A 12-year-old, spayed female Schnauzer presented with constipation. A mass was observed in the pelvic cavity, and metastasis was not identified. Mass resection was performed through celiotomy with pubic osteotomy, and hemangiosarcoma was diagnosed. At 10 weeks post-operatively, the patient died of multiple metastasis. Primary intrapelvic hemangiosarcoma is rare in dogs.

Hemangiosarcoma (HSA) is a malignant tumor of endothelial cells characterized by aggressive metastasis and a high case-fatality rate [1, 2, 8]. The mean age at diagnosis is 9–12 years. No sex or breed predilection has been proven; however, German Shepherd dogs, Golden Retrievers, Labrador Retrievers and Schnauzers are predisposed to this condition [2, 10]. HSA could affect any tissue in the body, with the most common primary sites being the spleen, right atrium, right auricle, skin or subcutaneous tissue [1, 2, 8]. The most common sites of metastasis are the liver, omentum, mesentery and lungs, which occur either hematogenously or through seeding after tumor rupture [1].

Diagnosis of HSA through histopathology is possible by comparing vasoformative components, but poorly differentiated HSA may resemble anaplastic carcinomas, malignant melanomas or high-grade malignant fibrohistiocytic tumors [4]. Additional immunohistochemistry is helpful in diagnosing HSA, which is commonly expressed for endothelial cell markers, such as vimentin, von Willebrand’s factor (vWF; factor VIII-related antigen) and CD31 antigen [3, 10, 13]. In this case report, we present a case of intrapelvic hemangiosarcoma in a Schnauzer.

A 12-year-old, spayed female Schnauzer was referred to Konkuk Veterinary Medical Teaching Hospital with a week’s history of constipation. Upon physical examination, abdominal distention was observed, and a mass was rectally palpated in the pelvic cavity. Blood examination and thoracic radiography yielded no remarkable findings. Abdominal radiography revealed megacolon and splenomegaly, and the rectum was displaced laterally in the pelvic cavity (Fig. 1). Fine-needle aspiration biopsy of the mass revealed cells of mesenchymal origin, binucleated cells and extracellular eosinophilic granules. On ultrasonography, an encapsulated, irregular mass with multiple cavities with low vascularity was observed (Fig. 2). On computed tomography, a non-contrast-enhancing, heterogeneous soft-tissue mass of approximately 4.8 × 4.1 × 2.5 mm, occupying the pelvic inlet, was visualized on contrast-enhanced coronal images, and the rectum was observed to be suppressed and displaced laterally by the mass in the pelvic cavity (Fig. 3). Because no obvious signs of metastasis were identified, the owners opted for surgical intervention.

Fig. 1.

Abdominal radiography. A. Lateral view. Gas-filled and enlarged colon (arrow head). B. Ventrodorsal view. Laterally displaced rectum in the pelvic cavity (arrow).

Fig. 2.

Ultrasonography. An encapsulated, irregular mass with heterogeneous echogenicity.

Fig. 3.

Coronal image of computed tomography. Non-contrast-enhancing, heterogeneous soft-tissue mass (M) occupying the pelvic inlet. Laterally displaced rectum in the pelvic cavity (arrow).
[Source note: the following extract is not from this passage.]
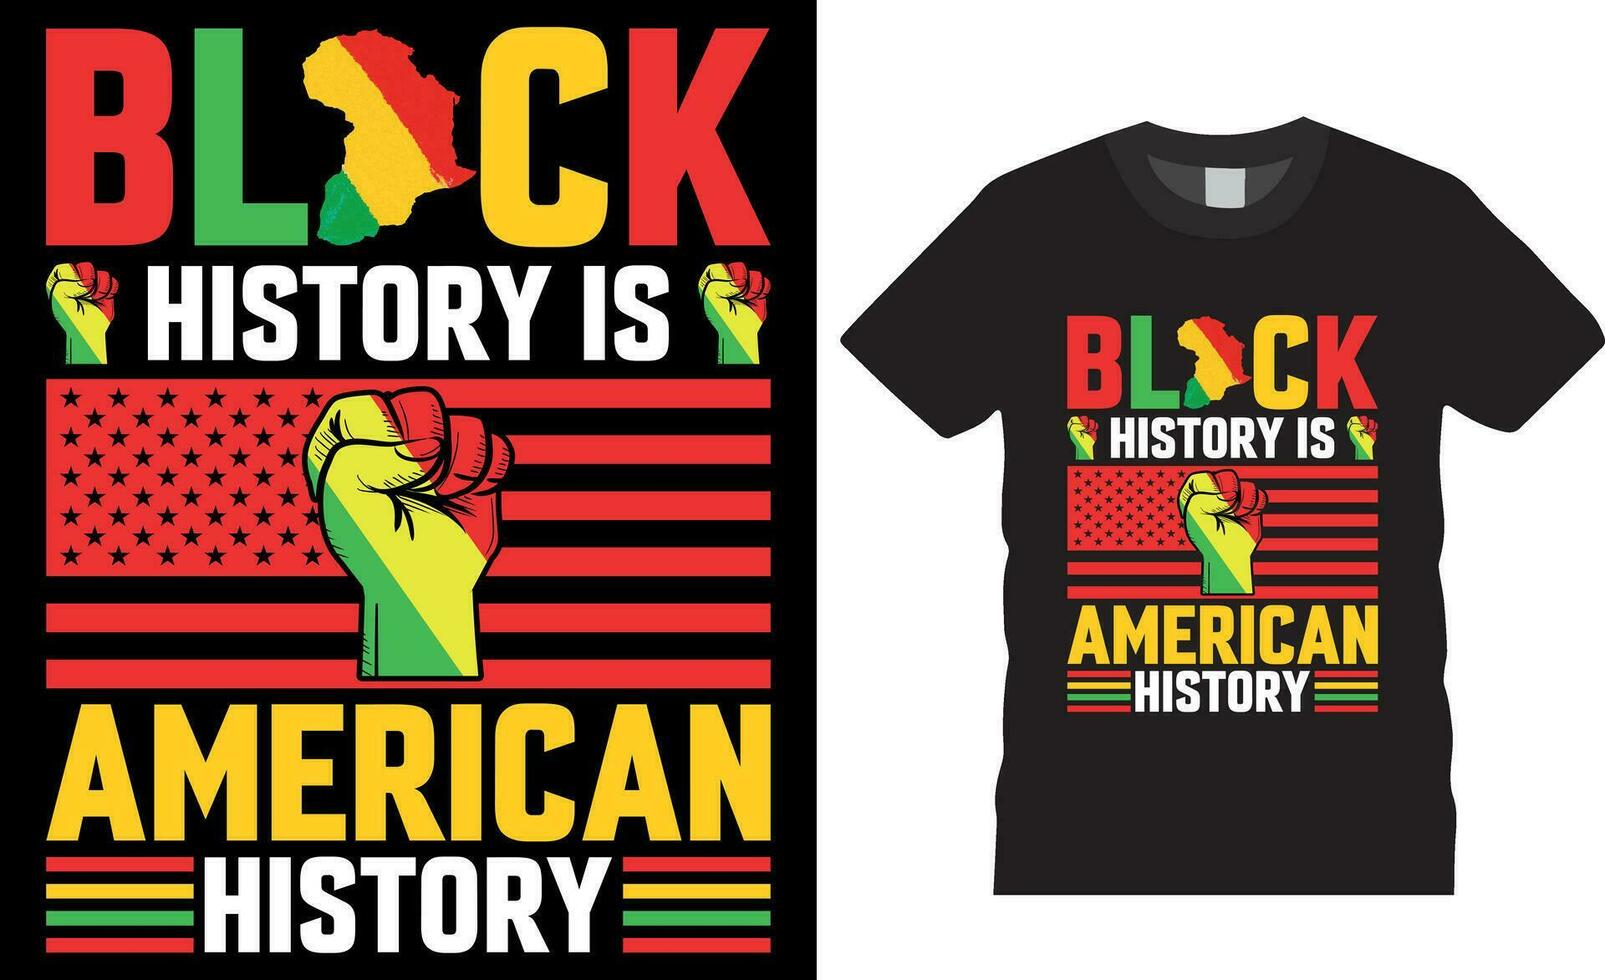 Black history is American history T-shirt Design Vector template.Black history is American history
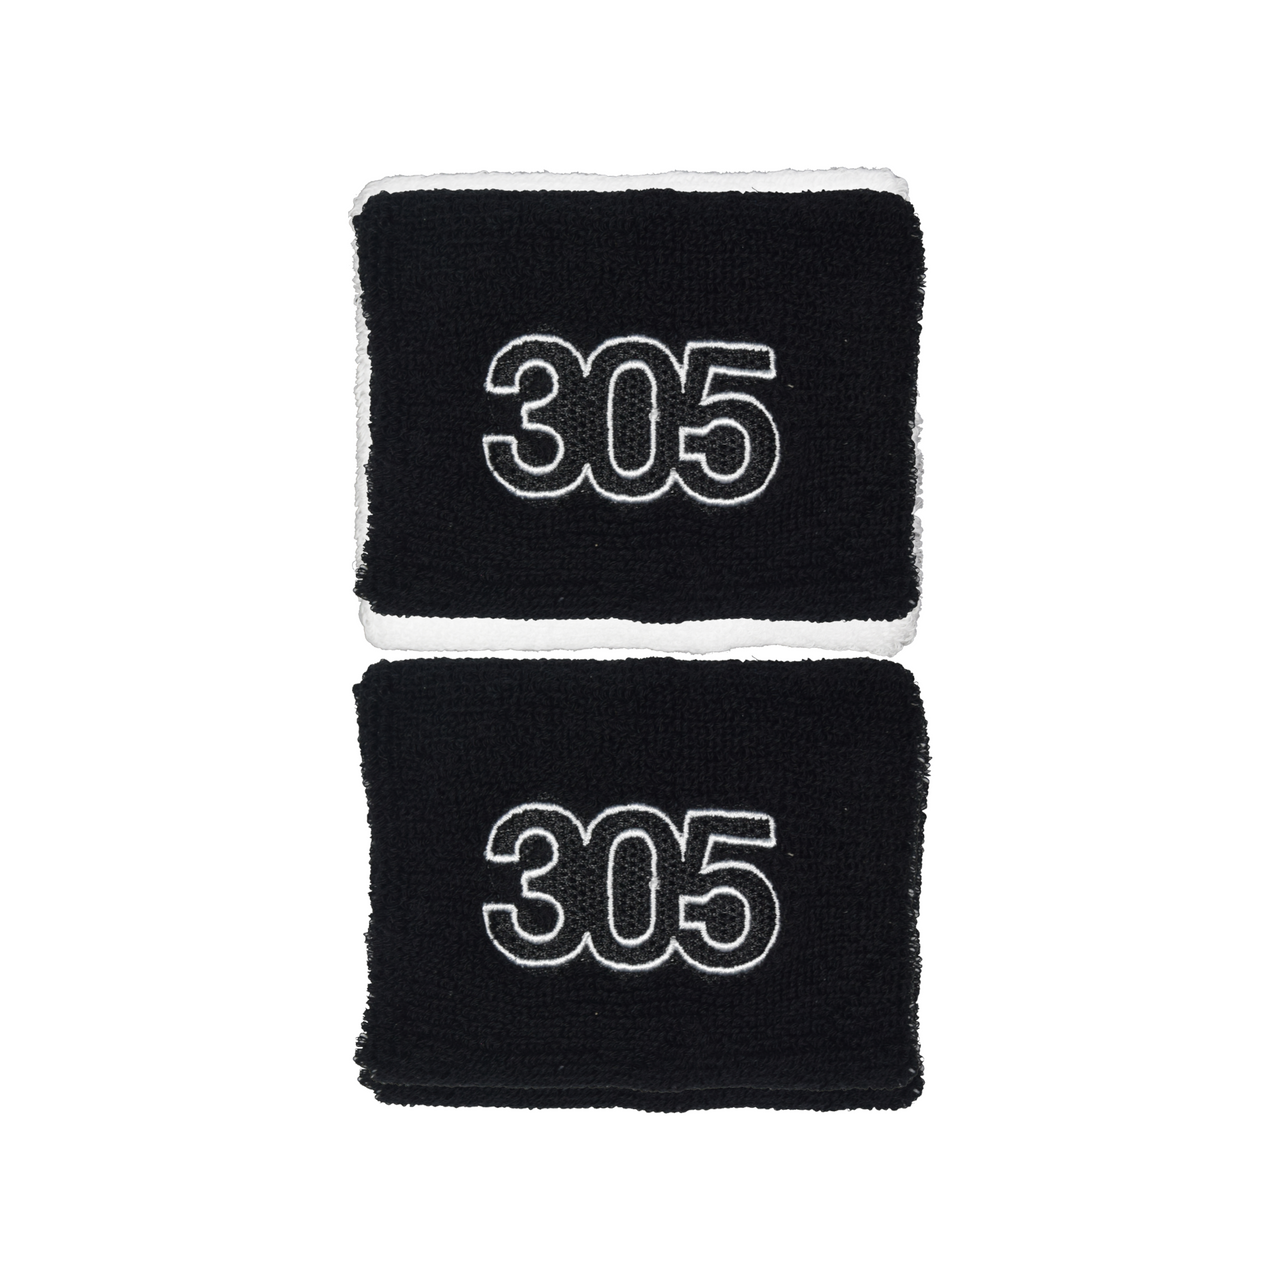 BIG305 Large Sweatbands - Twin Pack

The dog was premedicated with 0.2 mg/kg butorphanol (Butophan; Myungmoon Pharm, Seoul, Korea) and 0.3 mg/kg midazolam (Vascam; Hana Pharm, Gyeonggi-do, Korea), intravenously. Anesthesia was induced with 6 mg/kg propofol (Provive Inj. 1%; Claris Life Science, Ahmedabad, India) and maintained with isoflurane (Ifran Liq; Hana Pharm). Resection of the mass was performed through celiotomy with pubic osteotomy. The mass was solitary near the rectum and was encapsulated by a fibrous tissue, but the origin could not be identified; therefore, the mass was retracted softly using Babcock forceps and separated with a wide margin using an electric coagulator. The pubic bone and obturator muscle were reapposed with simple, interrupted silk sutures (Black silk, 2–0; AILEE Co., Ltd., Busan, Korea) and polyglyconate (2–0; SynetureTM, Maxon, Seoul, Korea), respectively. The linea alba, subcutaneous tissue and skin were closed using routine suturing. One day postoperatively, the patient could void spontaneously, and 1 week postoperatively, the patient could walk and defecate.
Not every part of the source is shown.